Task goal: Quote the whole listing word for word. Do not include the pictures.

Source data:
-- Opening Marker --

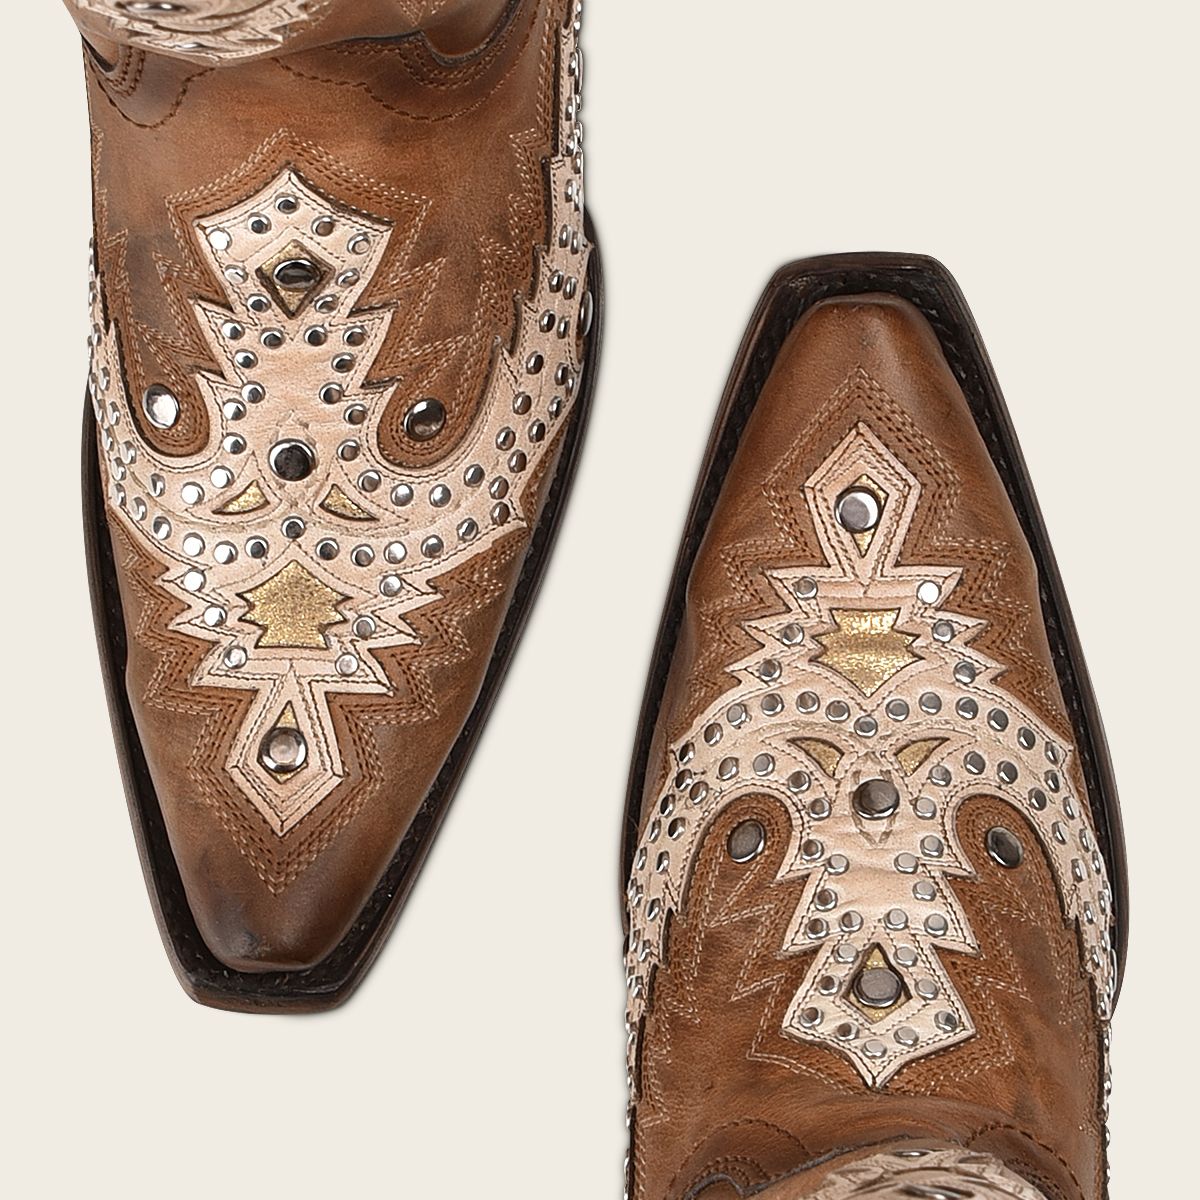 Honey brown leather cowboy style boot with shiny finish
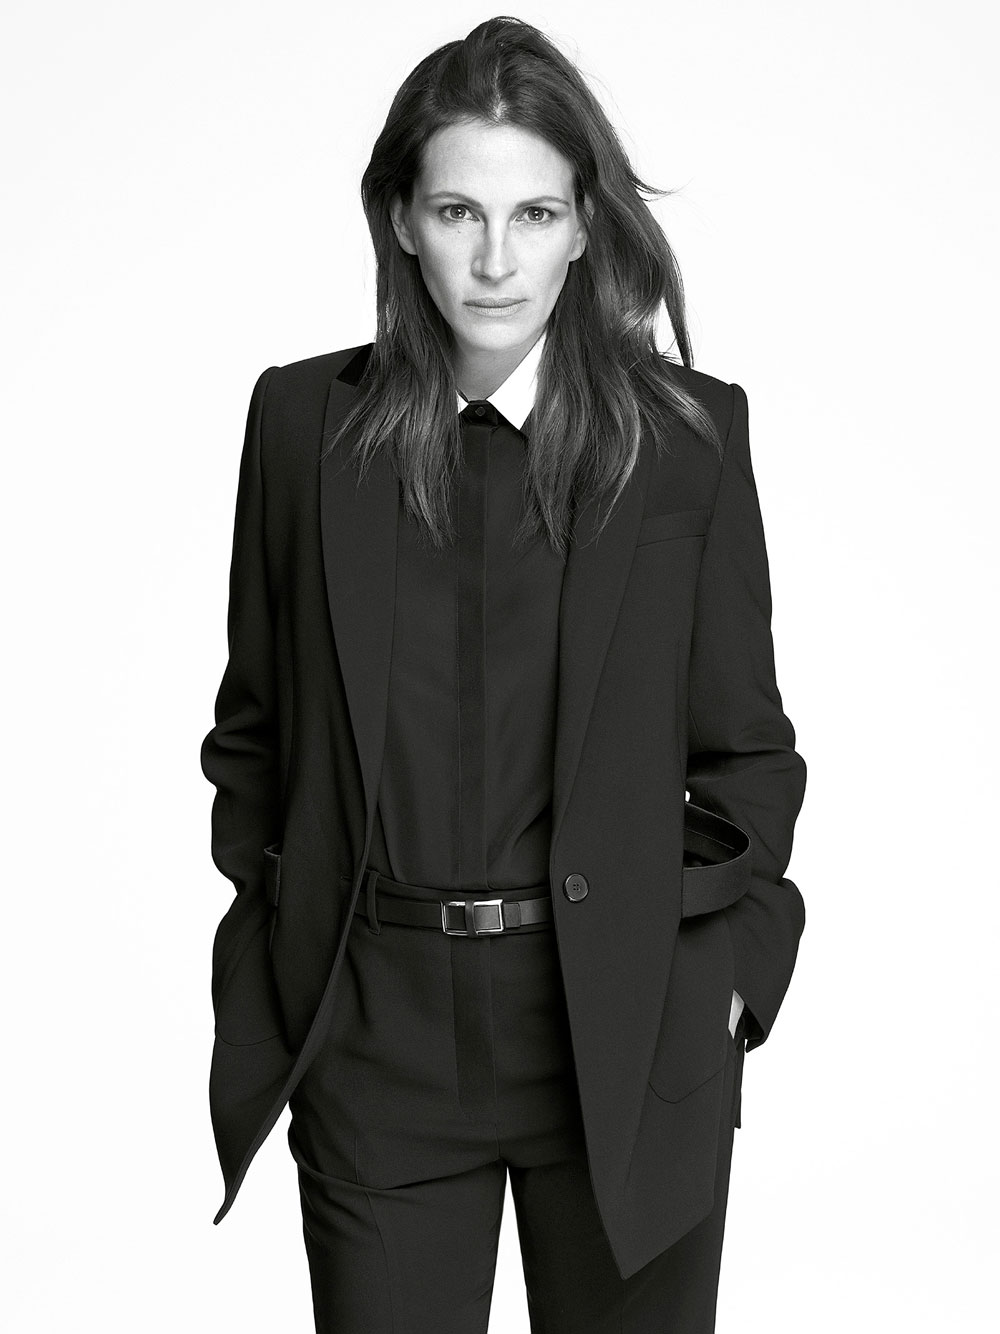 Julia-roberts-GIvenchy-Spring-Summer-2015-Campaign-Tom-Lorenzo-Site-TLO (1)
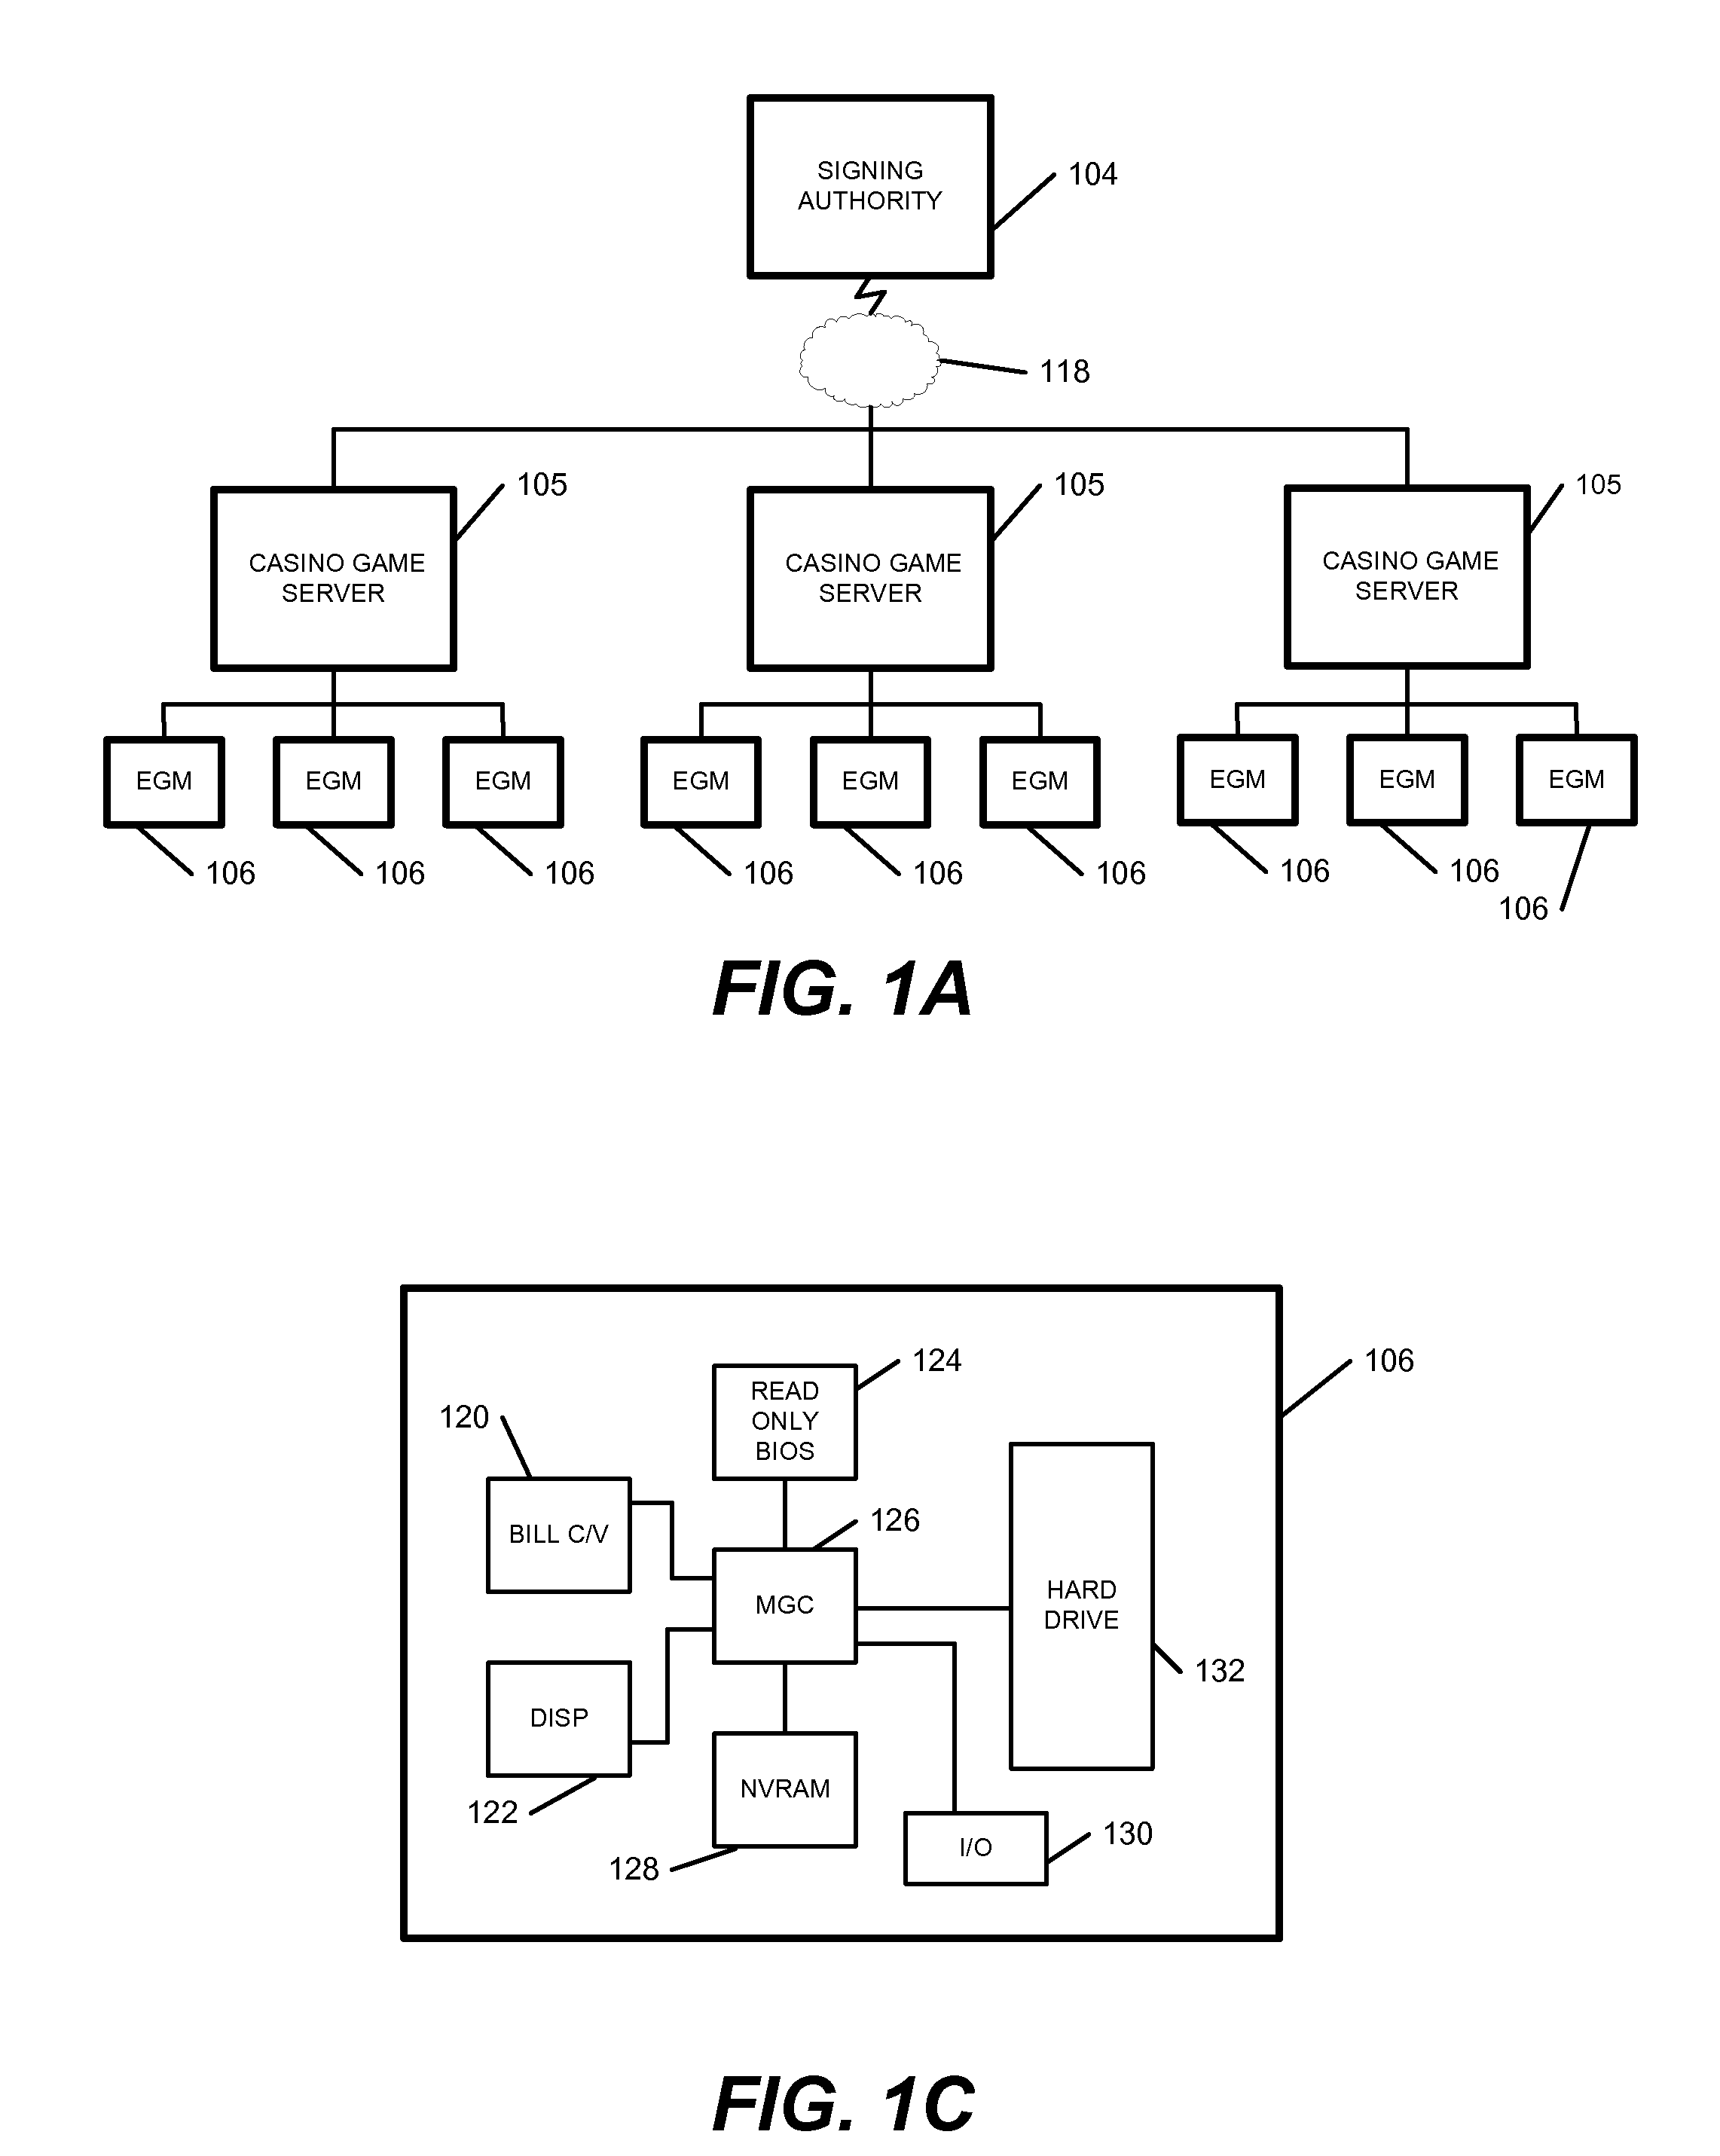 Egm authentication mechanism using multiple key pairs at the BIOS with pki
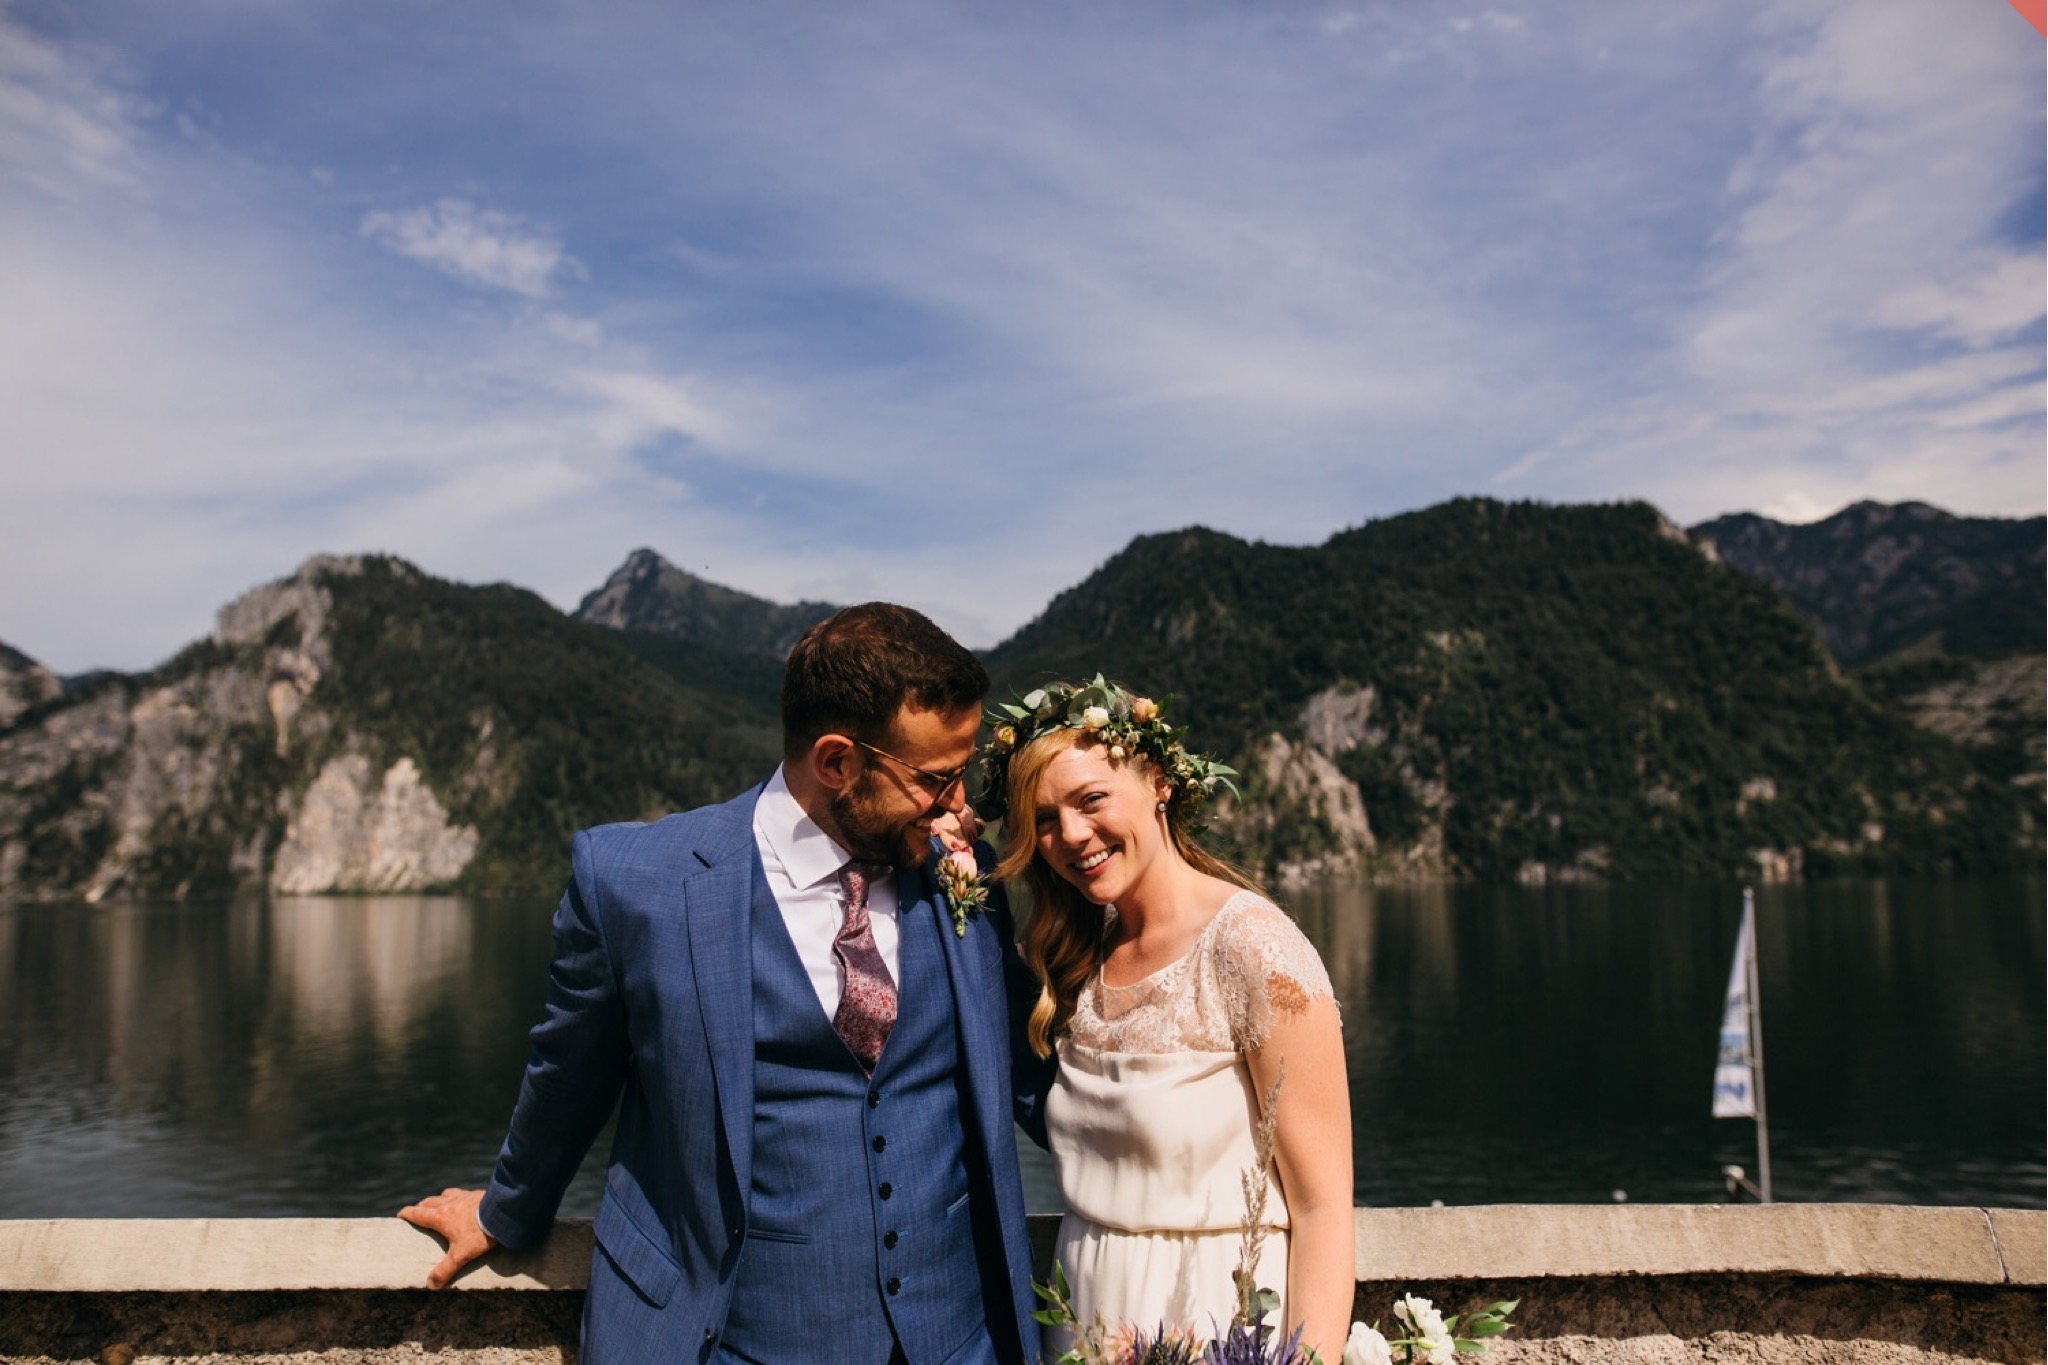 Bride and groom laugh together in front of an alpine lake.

-- Closing Marker --

Solution for this problem:
 Honey brown leather cowboy style boot with shiny finish
 Julia-roberts-GIvenchy-Spring-Summer-2015-Campaign-Tom-Lorenzo-Site-TLO (1)
 Egm authentication mechanism using multiple key pairs at the BIOS with pki
 Bride and groom laugh together in front of an alpine lake.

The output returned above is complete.